Po ośmiu latach walki, którą rozpoczął jako ochotnik we wrześniu 1939 roku, sądząc, że realizuje wytyczne przełożonych, rozpoczął przygotowania do wyjazdu za granicę. W rzeczywistości była to prowokacja komunistów z MBP.
12 września 1947 roku mjr Dekutowski wydał swój ostatni rozkaz, a w liście do kpt. Zdzisława Brońskiego "Uskoka", wyznaczonego na dowódcę grup działających na północ od Lublina, napisał:
"Opiekuj się moimi ludźmi".
Kilka dni później dzięki informacjom dostarczonym przez ubeckich konfidentów, prawie dokładnie w czwartą rocznicę skoku do kraju, "Zapora" został aresztowany w Nysie wraz z adiutantem Jerzym Miatkowskim 'Zawadą".
W ręce komunistów wpadli również mający mu towarzyszyć w wyjeździe Władysław Siła-Nowicki "Stefan", Arkadiusz Wasilewski "Biały", Edmund Tudruj "Mundek", Stanisław Łukasik "Ryś", Roman Groński "Żbik" i Tadeusz Pelak "Junak".
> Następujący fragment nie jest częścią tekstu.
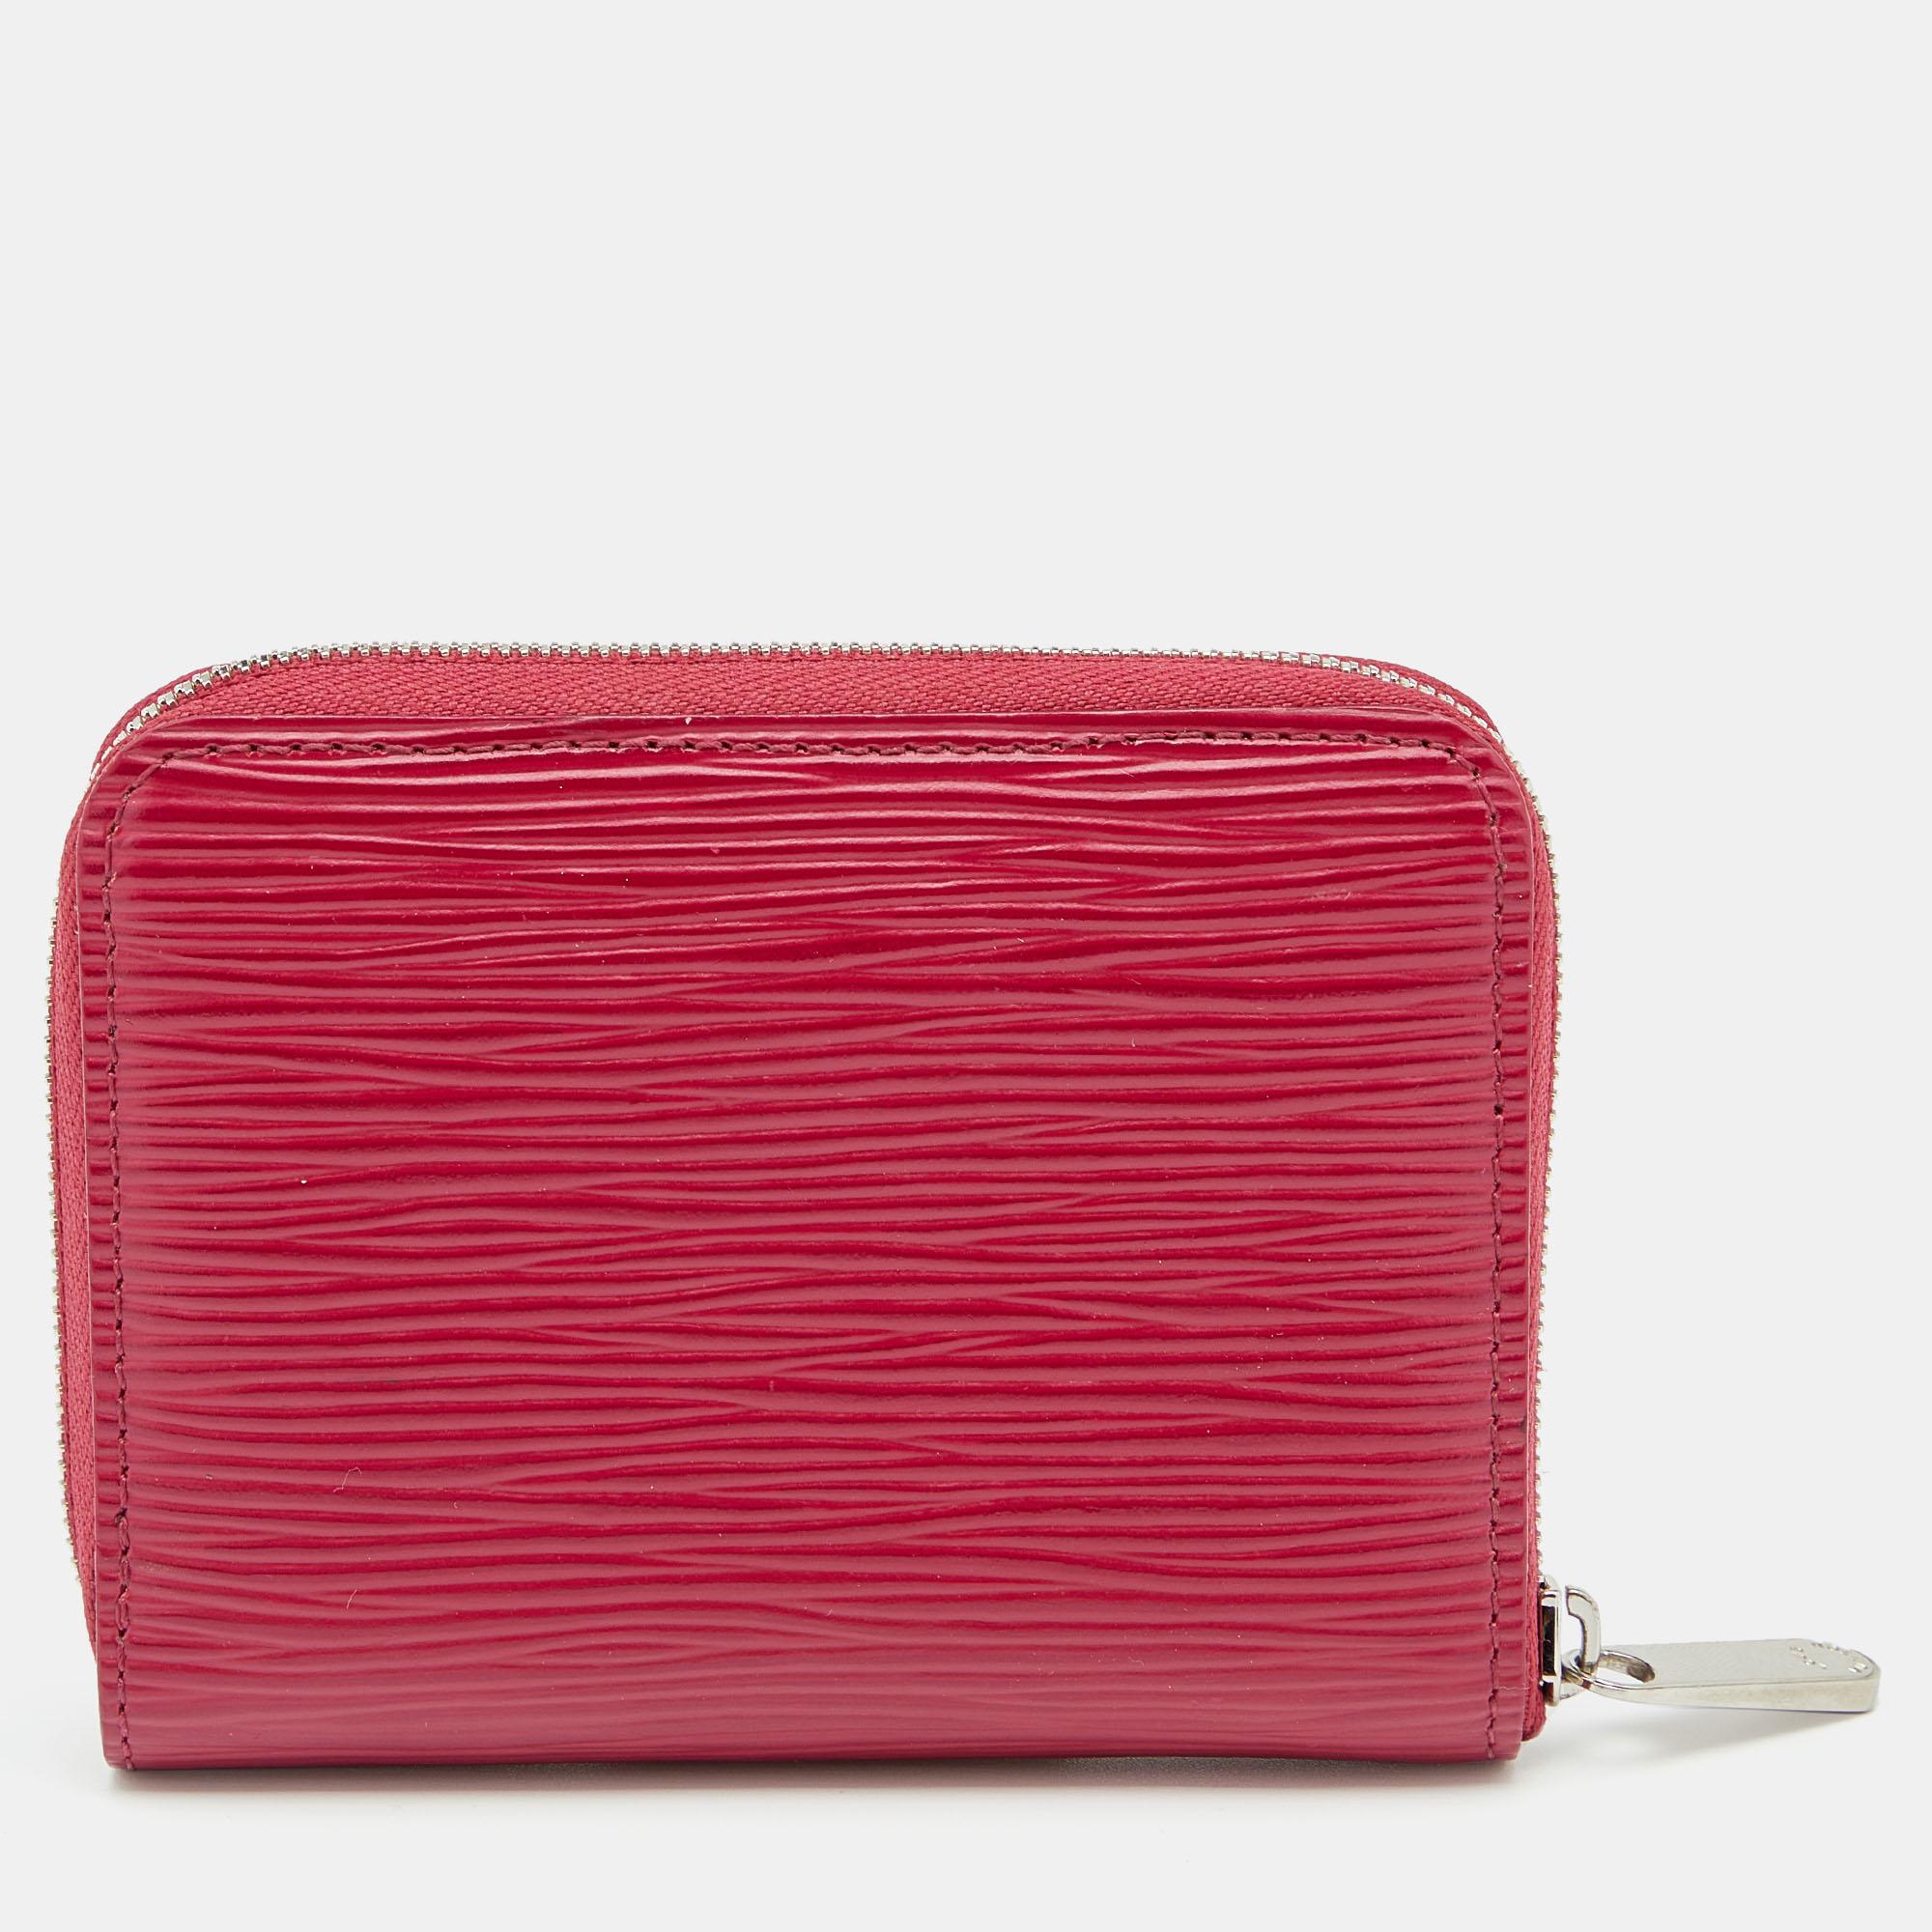 This Louis Vuitton Zippy coin purse is conveniently designed for everyday use. Crafted from fuchsia Epi leather, the purse has a zip closure that opens to reveal multiple slots for you to neatly arrange your cards and coins.

Aresztowani zostali poddani intensywnym przesłuchaniom w PUBP w Będzinie, a następnie w osławionym więzieniu przy ul. Rakowieckiej. Dla jeszcze większego upokorzenia podczas procesu, w wyniku którego wszyscy z wyjątkiem Władysława Siły-Nowickiego zostali skazani na śmierć, musieli być przebrani w niemieckie mundury...
Mimo to, jak zapisał kpt. "Uskok": "Z jak najwyższym uznaniem należy ocenić postawę aresztowanych".
Był to bodajże jedyny z poważniejszych procesów, w którym nie udało się komunistom opluwać sądzonych przez samooskarżenie. Z tego powodu nie robili nawet rozgłosu z rozprawy. Niewątpliwie naszym bohaterom przez rok nie szczędzono prób zmierzających do zrobienia szmaty z człowieka, a jednak pozostali ludźmi.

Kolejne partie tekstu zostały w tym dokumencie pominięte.